Since it is notoriously difficult to generate an adequate immune response against soluble peptides and proteins, immunisation with an appropriate adjuvant is essential (Mahairas et al, 1995). Consequently the results obtained across all tests for the different vaccines, containing the two tested adjuvants, provide valuable information and insight into the effectiveness of the adjuvants.
Data was collected in this study to determine the optimum antigen concentration and day of T-cell proliferation (Table 31). It is important to determine the optimum antigen concentration for T-cell proliferation. This is due to the fact that if the antigen is present in too higher concentrations it may exert a toxic effect on the lymphocytes, too low a concentration may be insufficient to stimulate any response at all. Three antigen concentrations were tested in this research, 2. 5, ug, Szg and 10pLg/ml.
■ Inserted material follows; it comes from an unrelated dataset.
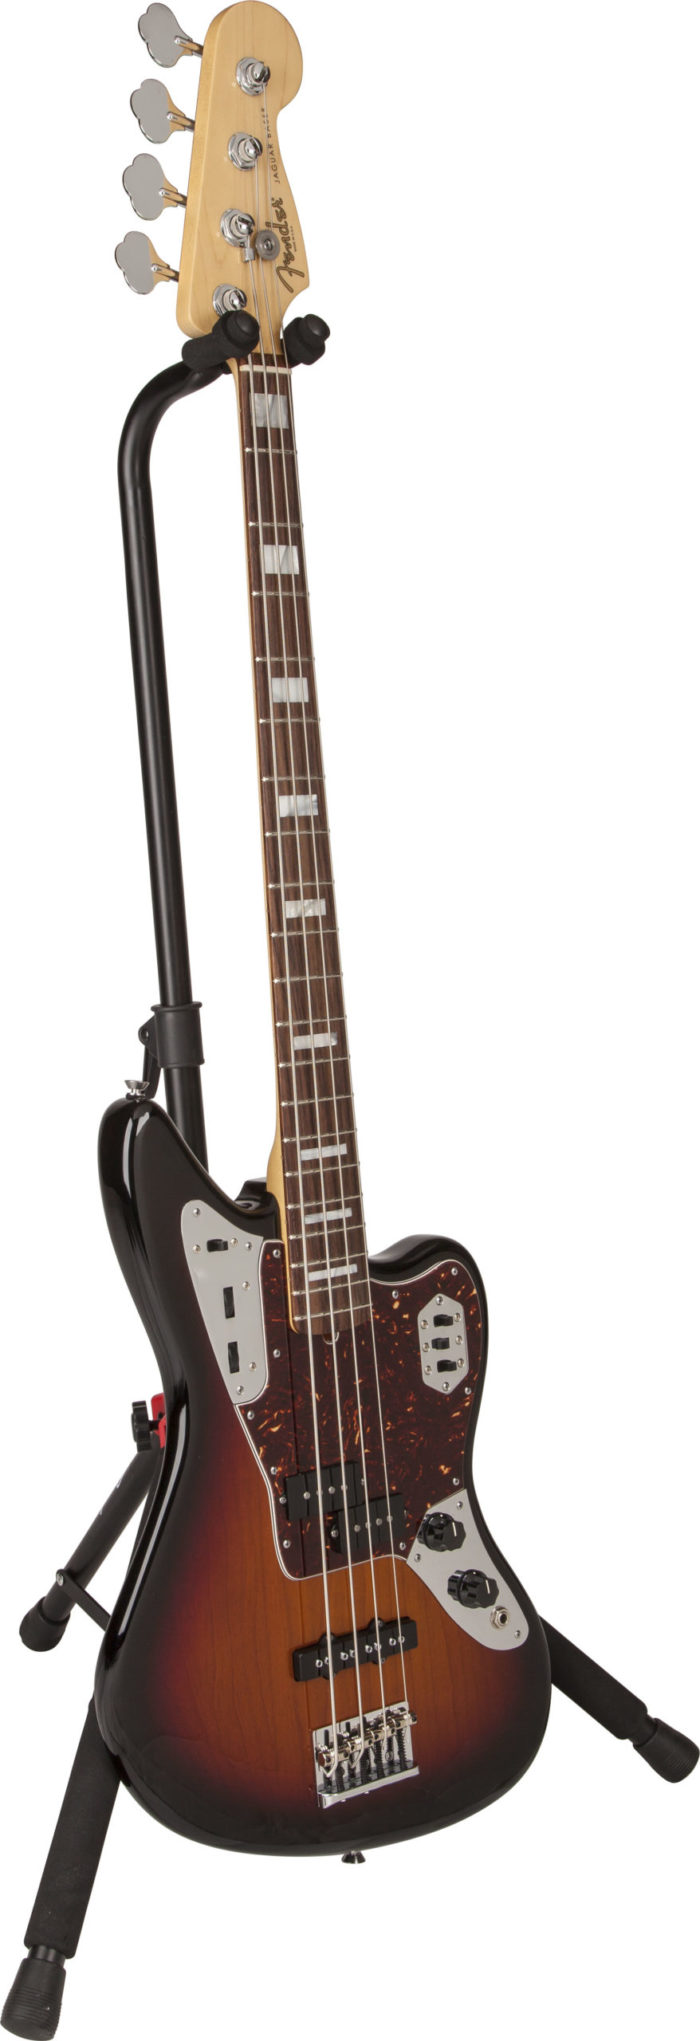 Fender Deluxe Hanging Guitar Stand

From statistical analysis it was found that Day 3 with a stimulating antigen concentration of 2. 5, ug/1nl gave the highest T-cell proliferations in most situations (Table 31).
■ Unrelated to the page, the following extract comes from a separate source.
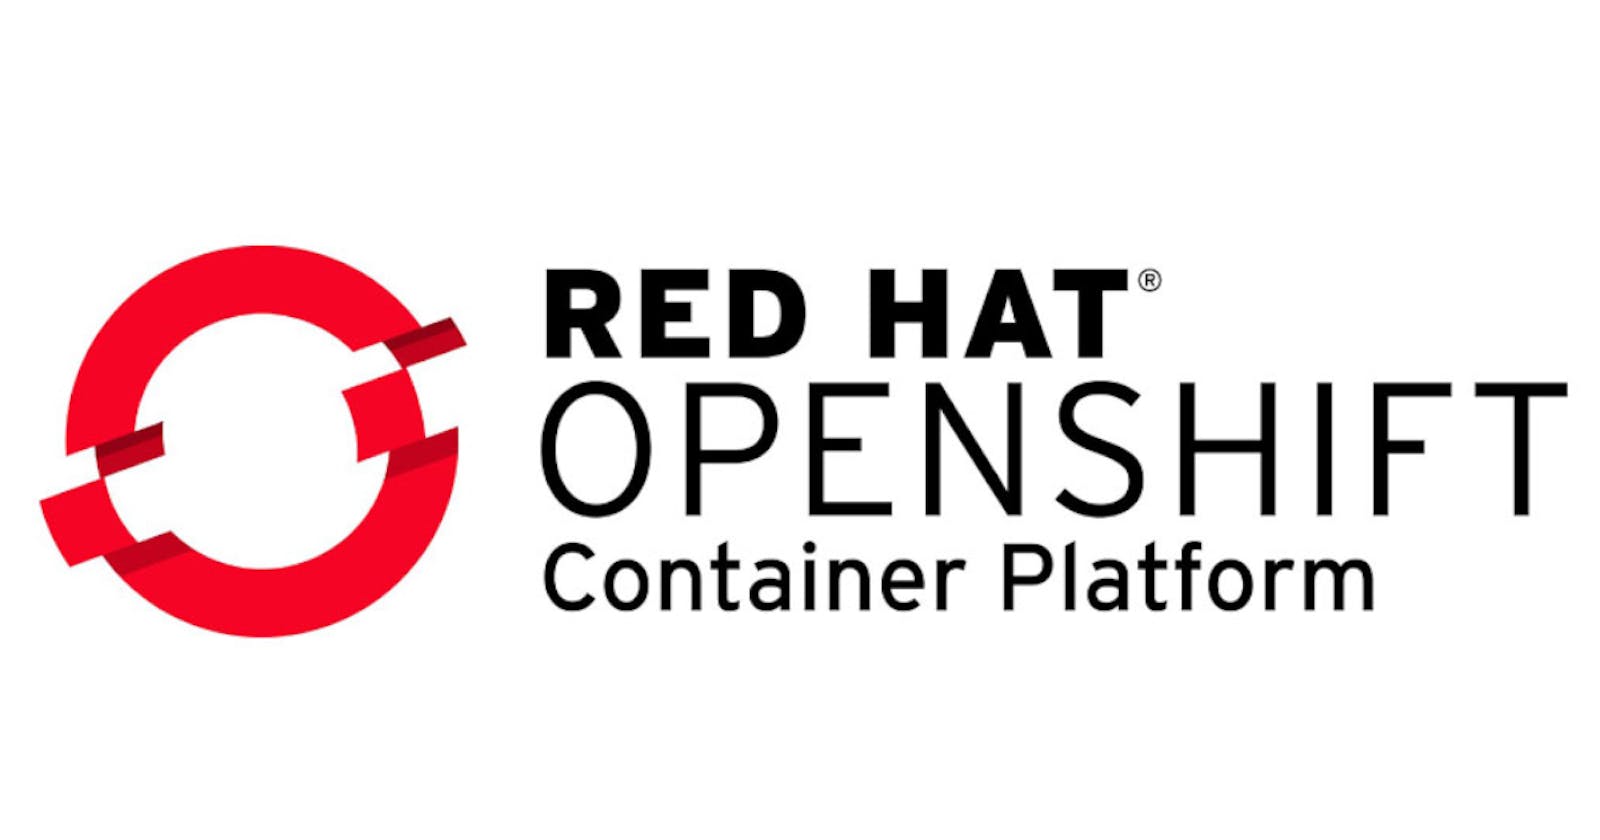 Openshift Container Platform

The three tissue samples that were chosen to perform T-cell proliferations, were selected for their ability to represent the different aspects of the immune response. Spleen T- cell proliferations are indicative of a systemic immune response, whereas the Peyer's patches were tested for evidence of a mucosal immune response (Bouvet, Decroix & Pamonsinlapatham, 2002). Mesenteric lymph nodes, which are also a part of the mucosal associated lymphoid tissue (MALT), were tested (Roitt & Delves, 1997). However since the Peyer's patches have first contact with an antigen, and play a role in stimulating antigen- sensitised lymphocytes, they were chosen as the primary indicator of a mucosal immune response. These stimulated lymphocytes from the Peyer's patches enter the lymph and drain through the mesenteric lymph nodes (Roitt & Delves, 1997). Consequently the mesenteric lymph nodes were used as a secondary indicator of a mucosal immune response, in the instance that an insufficient quantity of Peyer's patches was obtained. Since the Peyer's patches gave a sufficient indication of T-cell proliferations, the mesenteric lymph nodes will not be further discussed.
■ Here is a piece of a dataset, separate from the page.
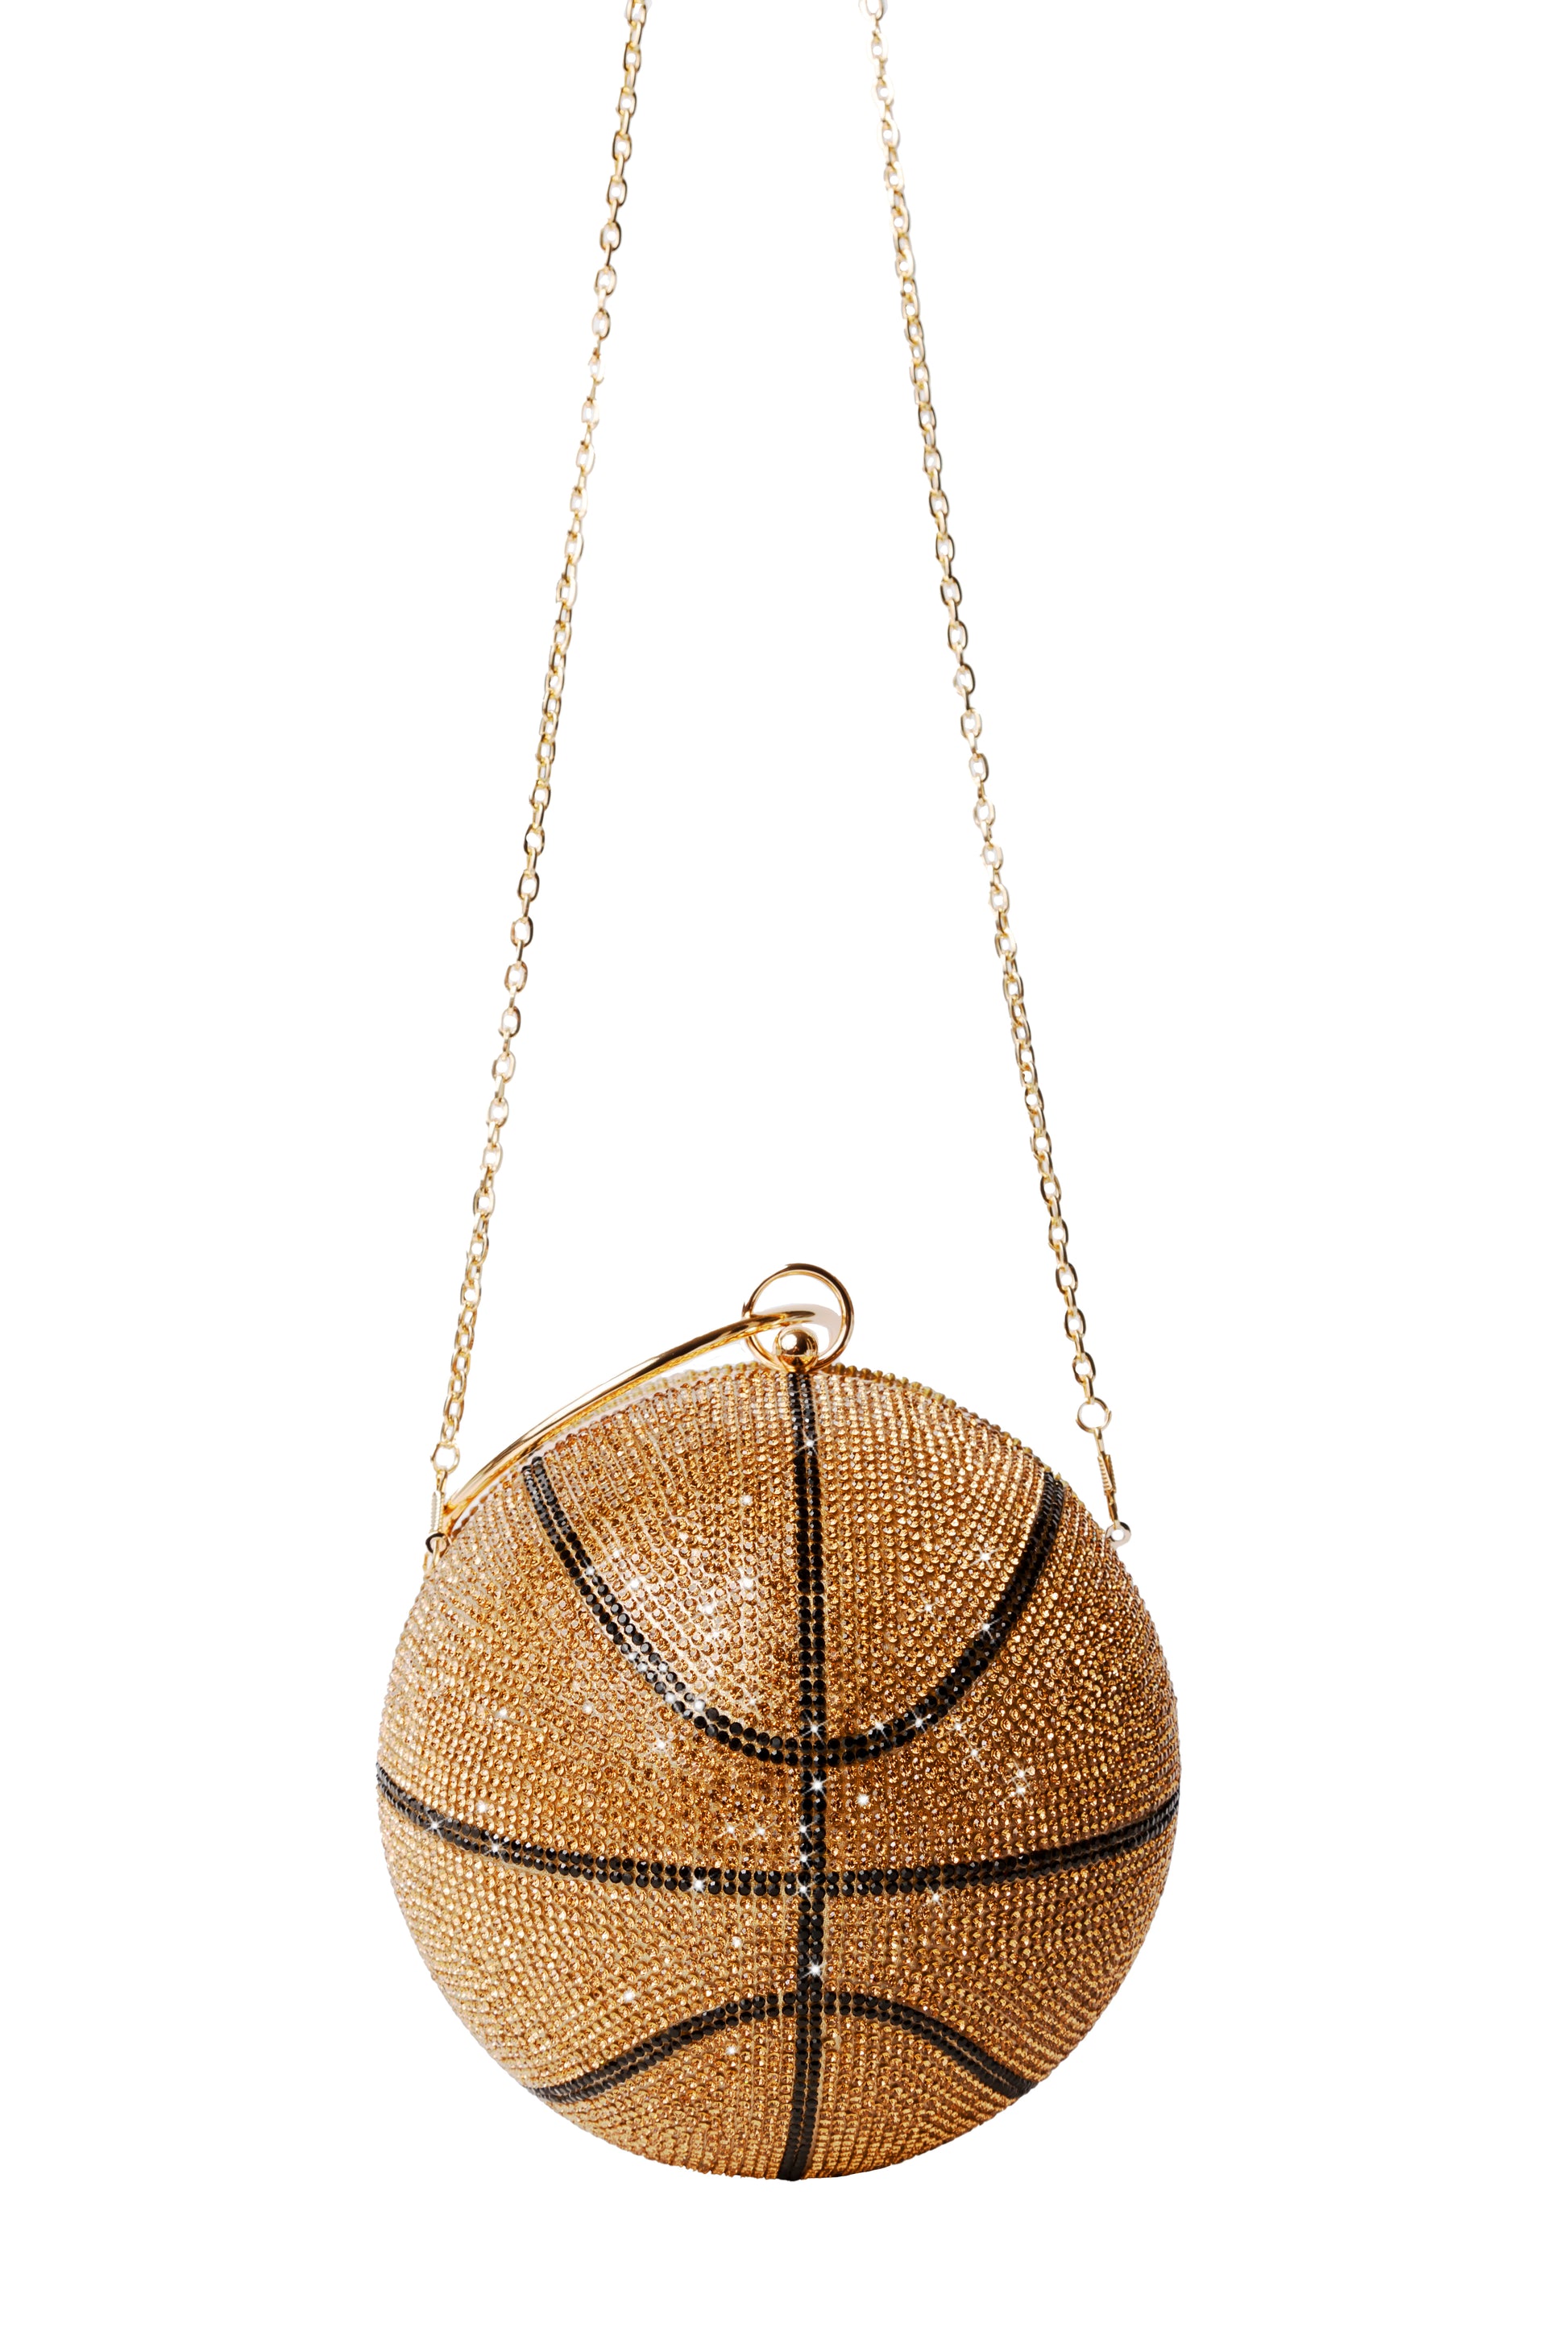 Bedazzled Crystal Basketball Handbag Purse

In general the systemic immune response was better than the mucosal, shown by higher proliferation of spleen cells, compared to that of the Peyer's patches and mesenteric lymph nodes. The preferred aim of orally administering the vaccines is to induce a mucosal immune response. It has long been hypothesised that immunisation via one mucosal surface

will lead to enhanced immunity at other mucosal surfaces (Famularo, 1997). Doherty (et al, 2002) found that orally administering a booster vaccine, produced high levels of protection in the lungs of previously primed animals, displaying the ability to confer immunity across mucosal surfaces. Induction of an immune response at the mucosal surface is of major interest because of its ability to modulate colonisation by commensals, as well as increase defenses against penetration of pathogens through the epithelium, reducing their concentration to a harmless level (Bouvet, Decroix & Pamonsinlapatham, 2002). The ability to prevent establishment of M. tuberculosis in the body would be an extremely beneficial achievement.


Results from immunoglobulin testing further reinforce that a strong systemic immune response was obtained, shown through an increase in Total IgG levels in serum (Table 35).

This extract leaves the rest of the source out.